Curcuma sixsensesensis

Scientific classification
- Kingdom: Plantae
- Clade: Embryophytes
- Clade: Tracheophytes
- Clade: Angiosperms
- Clade: Monocots
- Clade: Commelinids
- Order: Zingiberales
- Family: Zingiberaceae
- Genus: Curcuma
- Species: C. sixsensesensis
- Binomial name: Curcuma sixsensesensis D.D.Nguyen & T.A.Le

= Curcuma sixsensesensis =

- Genus: Curcuma
- Species: sixsensesensis
- Authority: D.D.Nguyen & T.A.Le

Species of flowering plant

Curcuma sixsensesensis is a species of flowering plant in the family Zingiberaceae. It has leafy shoots, white flowers, and cream-white fruits. The species is native to Vietnam.

Curcuma sixsensesensis was described in 2022, and is named after an ecology resort.

==Taxonomy==
The species was described in 2022 by Danh-Duc Nguyen and Tuan Anh Le. The species is placed in the subgenus Ecomata.

==Distribution==
Curcuma sixsensesensis is native to the wet tropical biome of Vietnam. The type locality is in Vietnam's Khánh Hòa province.

It grows under the canopy in semi-deciduous coastal forests, at elevations of 150-200 m.

==Description==
Curcuma sixsensesensis has underground storage organs. The rhizome is ovoid, 2-3 cm long, 0.5-1.5 cm wide, and light brown on the outside.
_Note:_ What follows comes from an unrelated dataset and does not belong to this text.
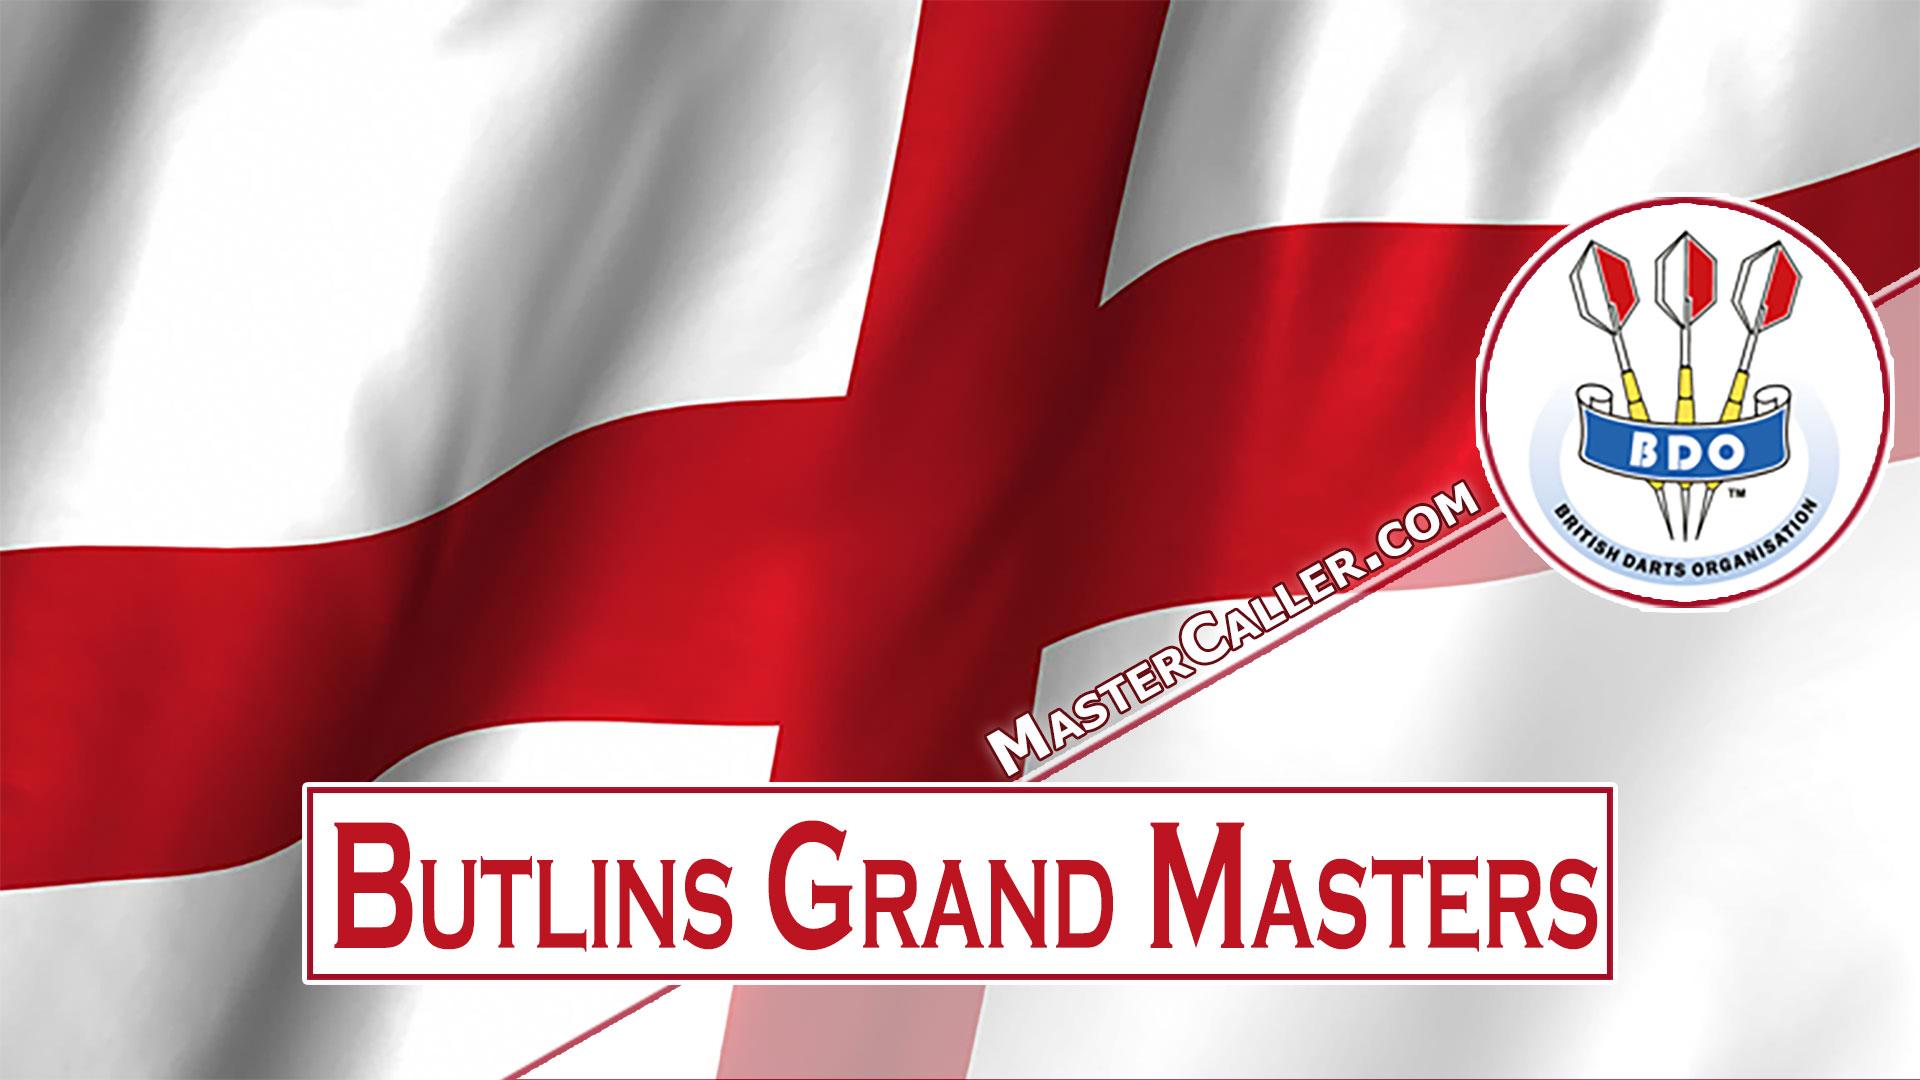 Butlins Grand Masters - 1980 Logo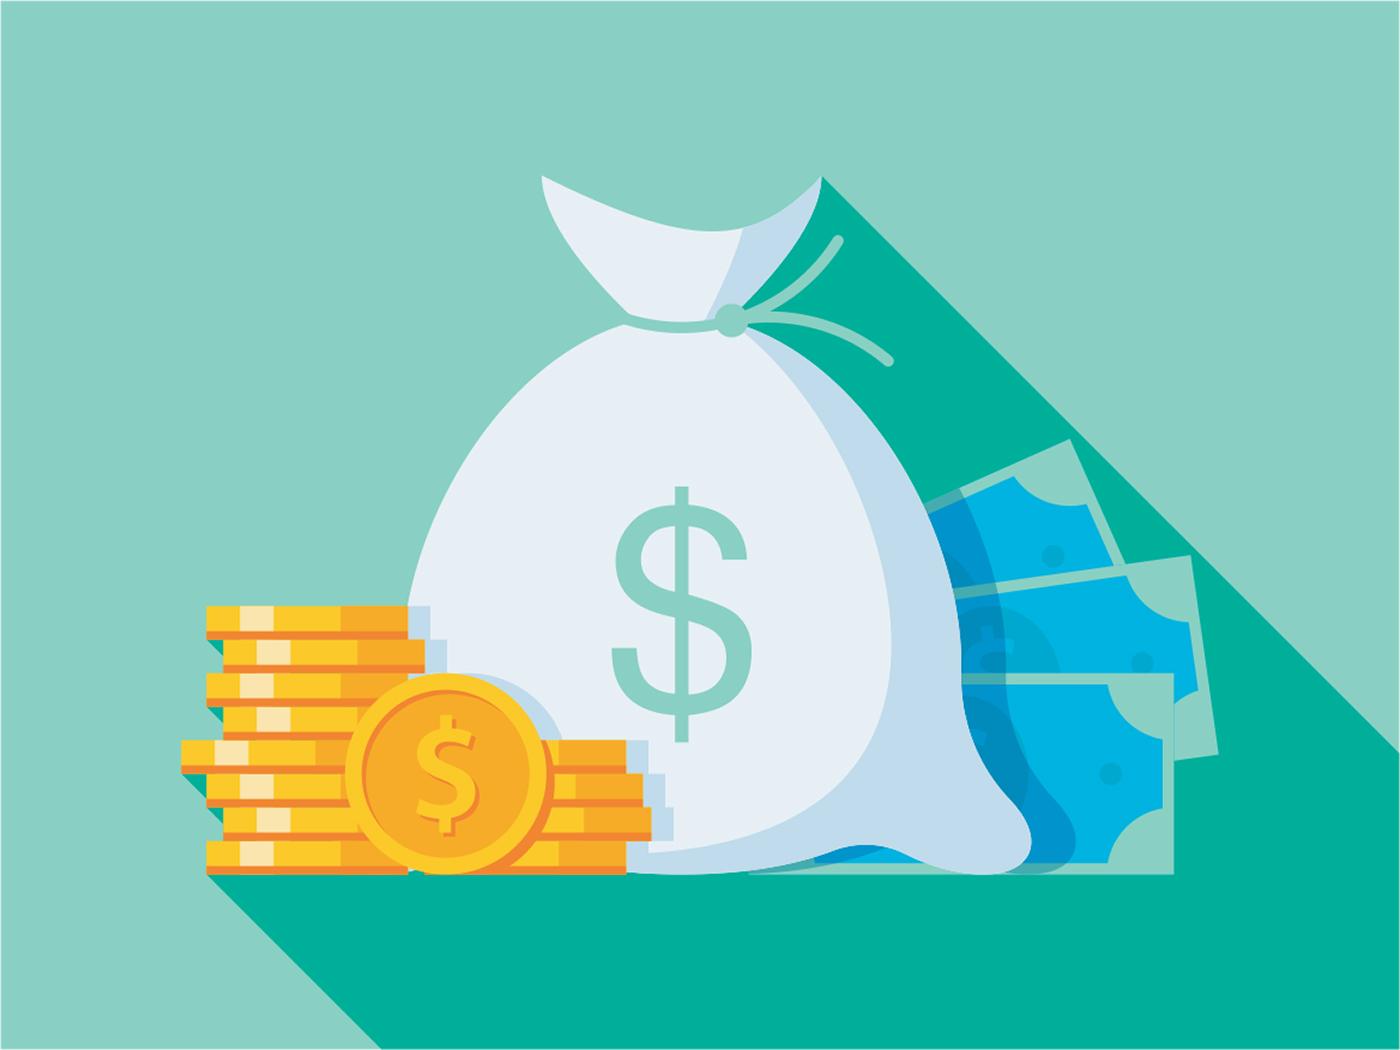 An illustration of money

The plant is 30-40 cm tall. Each plant has one to three leafy shoots, and each shoot has two to five leaves. The pseudostem is 15-25 cm long. The leaf stem is 5-20 cm long. The leaves are elliptic to lanceolate, 20-22 cm long, and 5-8 cm wide.

The stem of the inflorescence is 10-20 cm long, white, and hidden underground. The inflorescence is a 4-5 cm long spike. The flowers are 4.5-5.5 cm long. The calyx is 20-23 mm long, white, semitranslucent, and has three teeth. The floral tube is 2.7-3 cm long, white, and funnel-shaped at the apex. The pollen is white. The plant flowers at the start of the rainy season, from August to October.

The fruits are spherical to ellipsoid, 11-12 mm long, 9-11 mm wide, and cream-white in colour. The seeds are obovate, 4-5 mm long, light brown, and shiny.

Curcuma sixsensesensis is similar to Curcuma newmanii, Curcuma singularis, and Curcuma tongii.

==Uses==
Reproductive parts of Curcuma sixsensesensis are sold as vegetables in local markets.

==Etymology==
The specific epithet sixsensesensis refers to Six Senses Ninh Van Bay, an ecology resort where the species occurs.